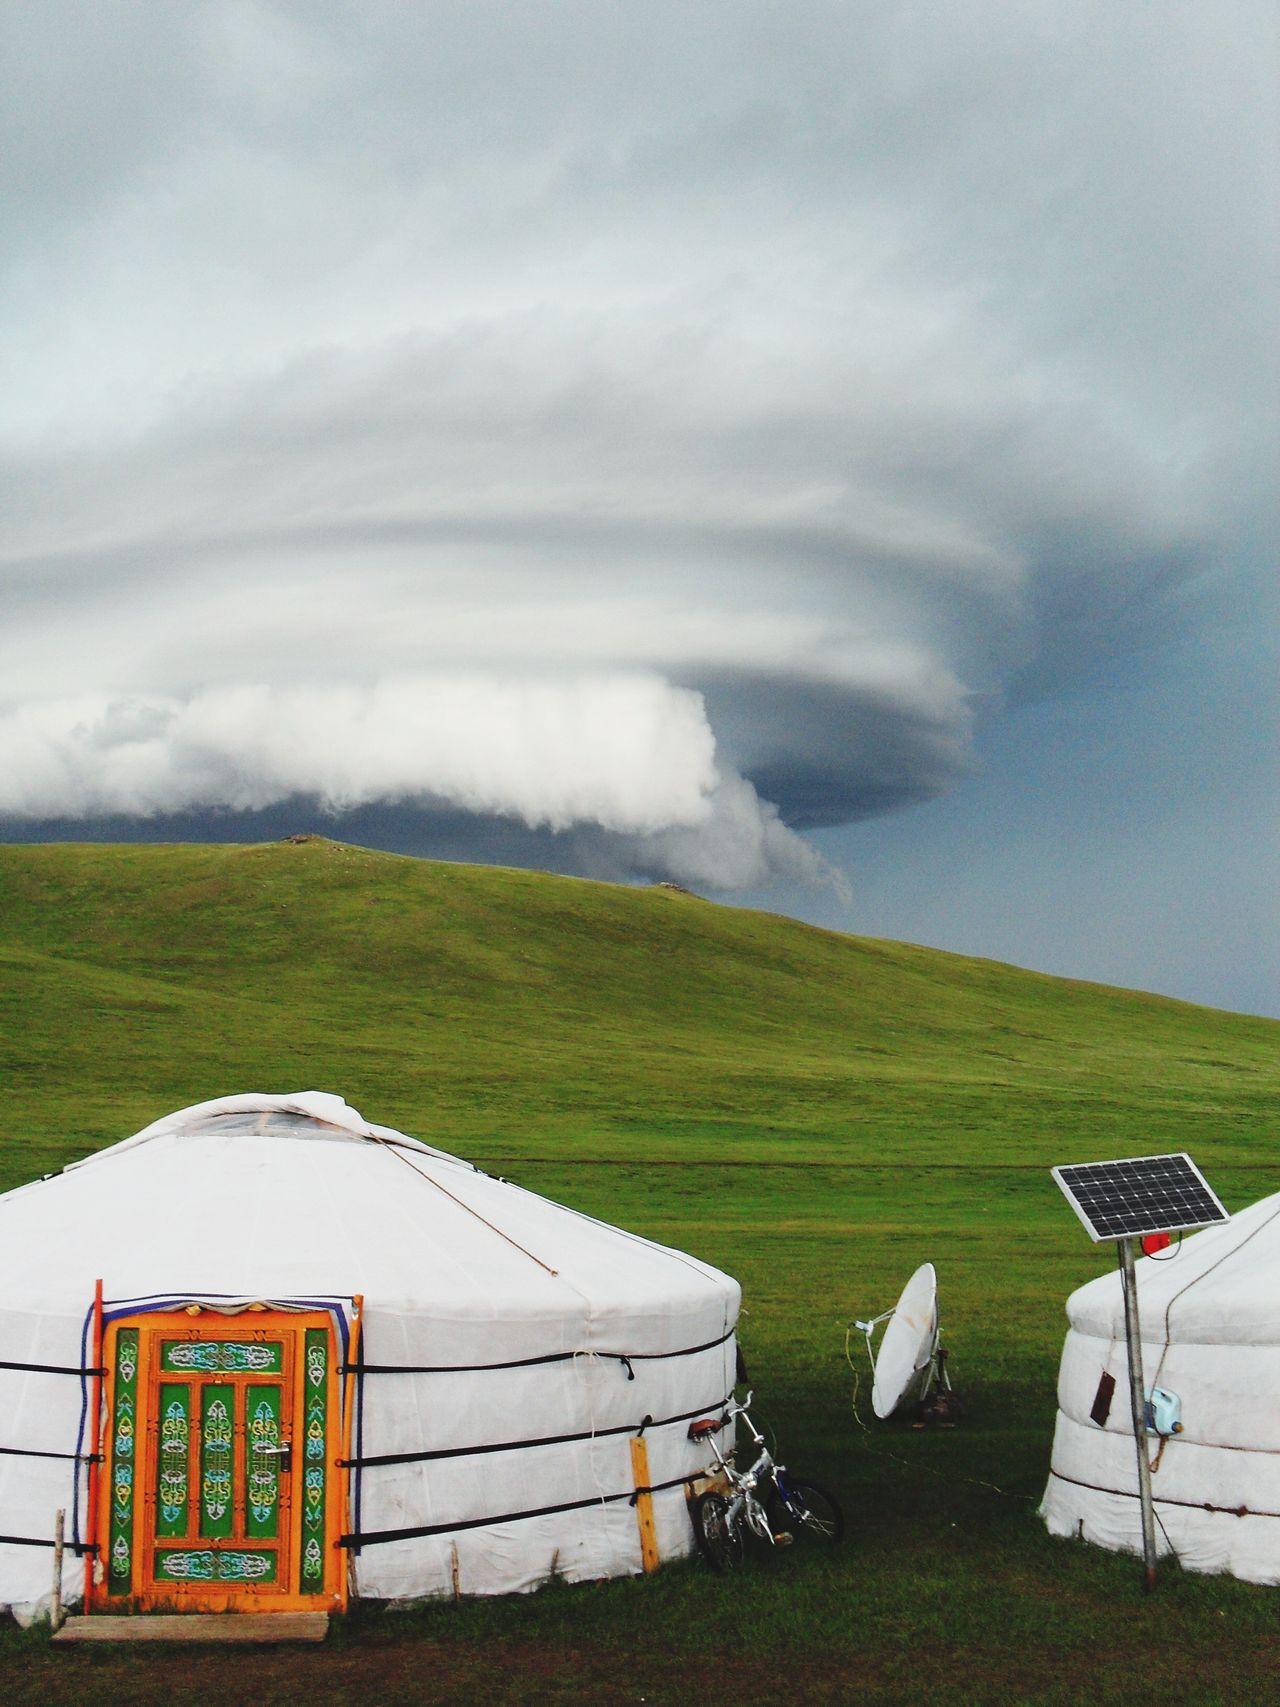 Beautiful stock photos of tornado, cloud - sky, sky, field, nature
* * *
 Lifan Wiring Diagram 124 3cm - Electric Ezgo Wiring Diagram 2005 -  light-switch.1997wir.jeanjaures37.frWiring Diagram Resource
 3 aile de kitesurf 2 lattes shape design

> **The task**
Would you quote everything above from the line containing "Lifan Wiring Diagram" down to the line containing "3 aile de kitesurf 2 lattes shape design"? Include both of those lines and nothing else.

> **Reply to the exercise**
 Lifan Wiring Diagram 124 3cm - Electric Ezgo Wiring Diagram 2005 -  light-switch.1997wir.jeanjaures37.frWiring Diagram Resource
 3 aile de kitesurf 2 lattes shape design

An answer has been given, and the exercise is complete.